# safety valve opening on pressure switch



## brigadiergeneral (3 mo ago)

I have 2 pressures switches failing in same way. They get up to pressure and then open safety valve until they cut in the motor again. This is an old 2 stage dressor wayne from the 1980s. Very frustrated.


----------



## brigadiergeneral (3 mo ago)

Surely both switches can't be failing the same way?


----------



## brigadiergeneral (3 mo ago)

One of the switches is new. Why would it have the same problem as the old one? Please please begging for answers.


----------



## tabora (Sep 6, 2018)

brigadiergeneral said:


> Surely both switches can't be failing the same way?

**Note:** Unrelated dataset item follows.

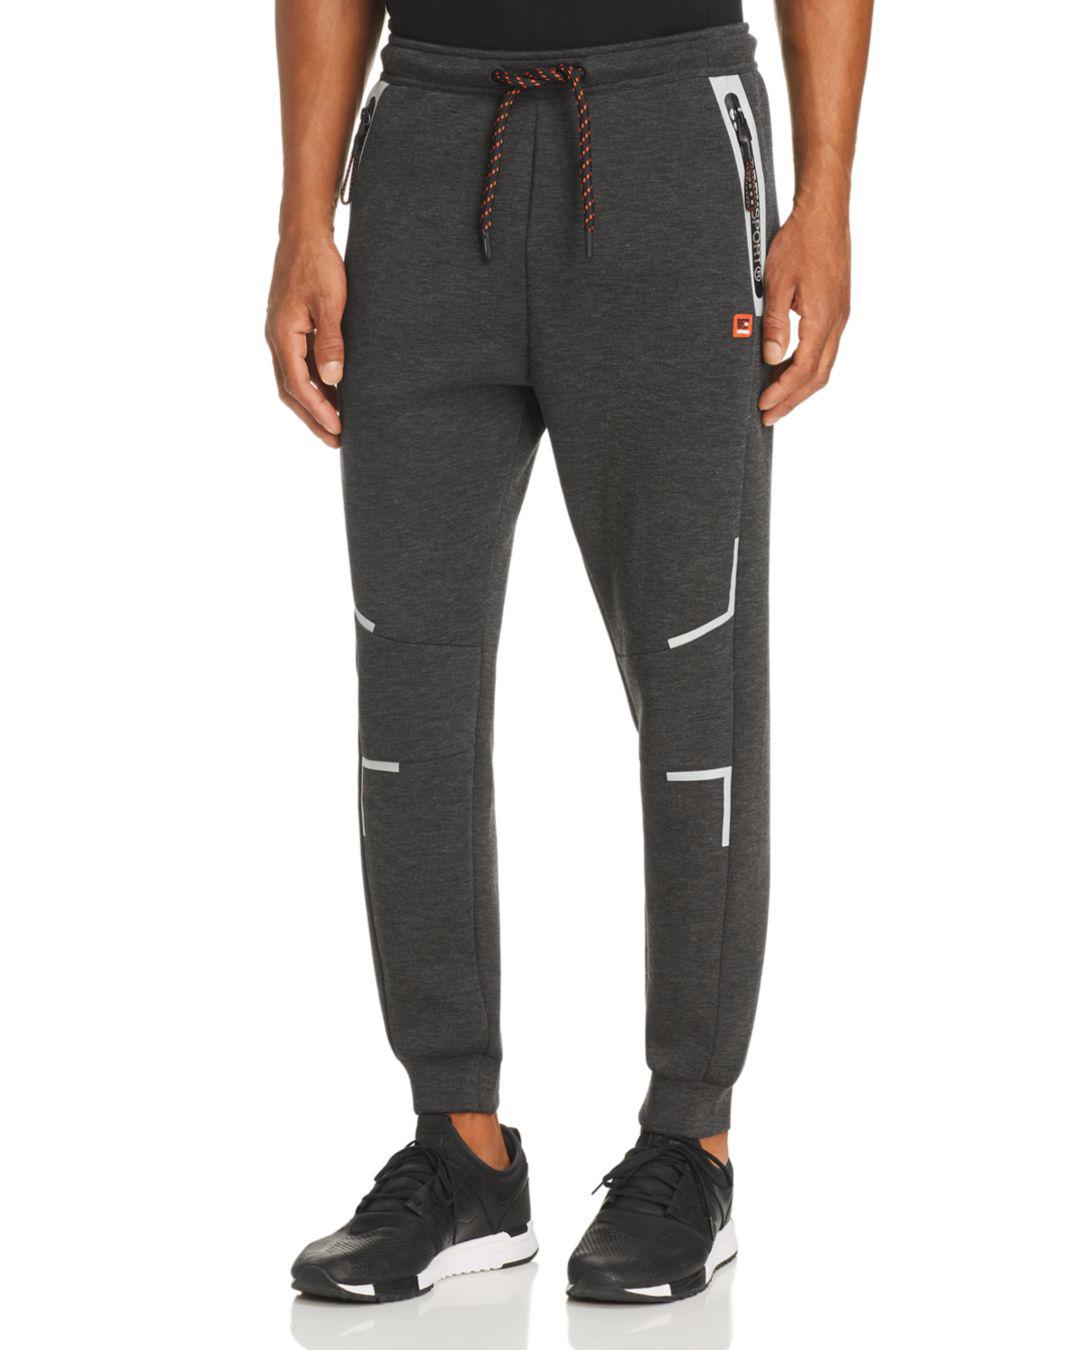 Superdry Gym Tech Stretch Jogger Pants in Carbon (Gray) for Men - Lyst

What is the pressure that the safety valves are rated to release at and what is the pressure that they ARE releasing at? Perhaps they are mismatched with the compressor? For example, If I install a safety valve that releases at 125psi on a 150psi compressor, it would behave as you have indicated.


----------



## stevon (Mar 5, 2019)

brigadiergeneral,

tabora sounds like he may be right, do you have a pump model or few pictures? What does the tank plate say? something like "200 WP" or something else.

Stephen



brigadiergeneral said:


> I have 2 pressures switches failing in same way. They get up to pressure and then open safety valve until they cut in the motor again. This is an old 2 stage dressor wayne from the 1980s. Very frustrated.


----------